But before teaching courses like Introduction to Academic Writing, British Literature before 1800, Shakespeare, Literature and Consent in Renaissance England, and—coming this Fall—Queer Shakespeare, Dr. Byker became interested in the study of literature and Shakespeare in his own undergraduate and graduate studies.

“The first English class I took,” he says, “was a World Literature course, and I remember becoming totally entranced by Salman Rushdie, Gabriel Garcia Marquez, and V. S. Naipaul. After I took a January-term course on Jane Austen film adaptations, there was no looking back!”

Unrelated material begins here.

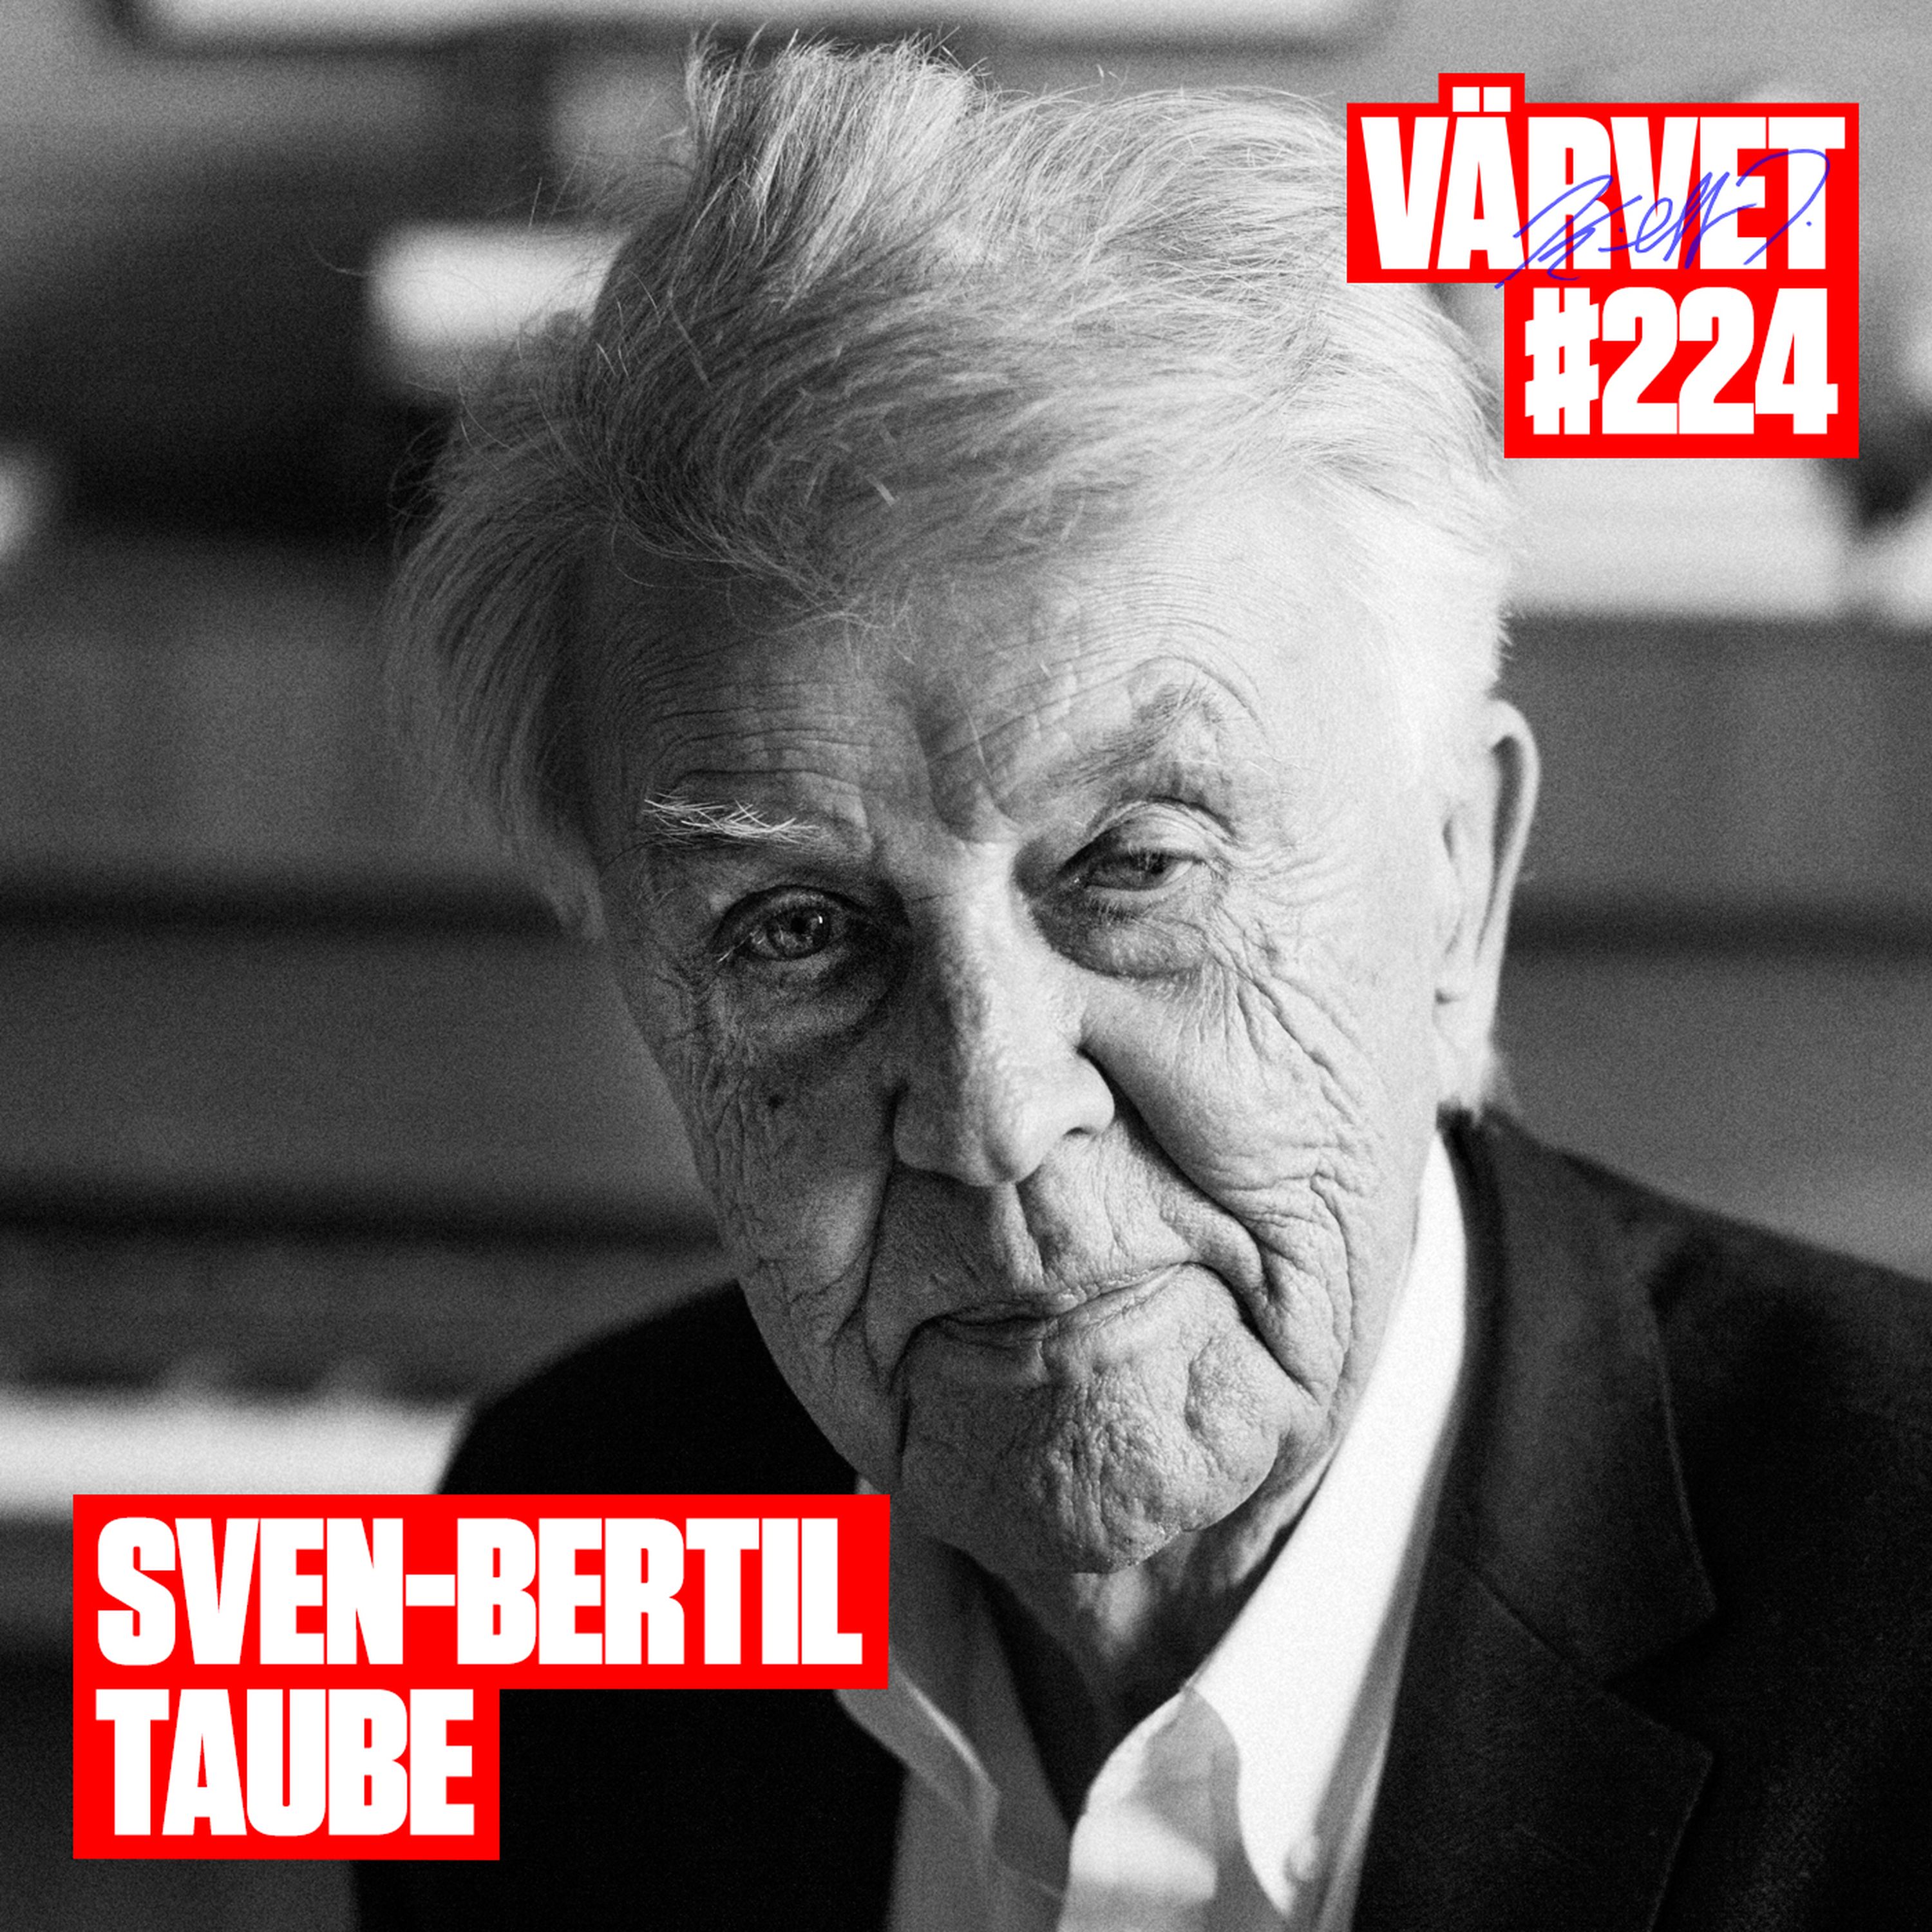 #224 Sven-Bertil Taube

But it wasn’t until later, in his graduate studies at Boston University, that Shakespeare became a part of Dr. Byker’s life: “I was taking a lot of drama courses and felt drawn to the questions posed by theater and performances studies. In general I feel really at home in the genre of drama—the way it is pared down to a very condensed form of dialogue that can be shaped by many different speakers, how it demands a gathered audience, the way it is embodied and lived in. The field of Shakespeare studies in particular fosters a huge range of flexible and experimental inquiry that I find really inspiring and consistently expands my own intellectual horizons.”

Soon after graduating, his horizons were expanded to the College of Charleston. “My first-ever trip to Charleston,” he says, “was my campus interview at CofC. On that visit, I quickly became obsessed with the school, the campus, and the English department! I was immediately smitten with the beautiful campus and loved getting to know the vibrant community of faculty and students in the English department.” 

And now that he’s here, Dr. Byker is driven by the values and lessons he feels are important to instill in his students. Through discussion and in classrooms, he hopes to throw-on-its-head the old ideas of literature.

“I think it’s common for students to have a bit of a wary reaction to older literature, and I always hope to challenge their assumptions about the Renaissance in one way or another. One thing I hope to teach students is that our assumptions about the past can erase important histories, identities, and stories—it’s a kind of confirmation bias that can end up reinforcing historical stereotypes. Many students expect the Renaissance to be completely sexually repressed and dominated by men, so I try to draw attention to a range of the period’s female authors as well as its diverse and often startling depictions of sex and desire.

I love the vacillation between alienation and recognition that happens when we study the past.

The way we experience historical literature and culture can so often come down to an affective relation, how distant or familiar it ‘feels’ to us, but this sense becomes increasingly unstable and vertigo-like when we begin to study it in depth—I think this opens up a productive space for questions about both early modern culture as well as our own.”

 

Even outside of the classroom, Dr. Byker is always working on projects, like “a book about the way Shakespeare and Christopher Marlowe’s drama depicts how we experience the world when we’re dying. A number of Renaissance writers contributed to a sophisticated tradition of writing guides to dying well that were known as the ars moriendi, or the art of dying. Many of these works are surprisingly hopeful and creative about the ways dying can be a comfortable, even inspiring, experience. 

I am also interested in Renaissance understandings of consent, and I’ve learned a lot more about this topic with my students in my Literature and Consent course this spring. It’s a topic I’m eager to keep writing about!”

And when he doesn’t have his head in a book, he loves eating Mexican food and hanging out at Charleston beaches. I’m currently on a mission to eat at every Mexican restaurant in greater Charleston. I also love that Charleston is so close to beaches—my husband and I have become especially partial toward Sullivan’s Island. Otherwise, I am an avid watcher of TV and consider it my calling to absorb everything from prestige drama to reality TV! 

Whether in Shakespeare or Southern Charm, both on and off campus, Dr. Devin Byker is always captivated by drama.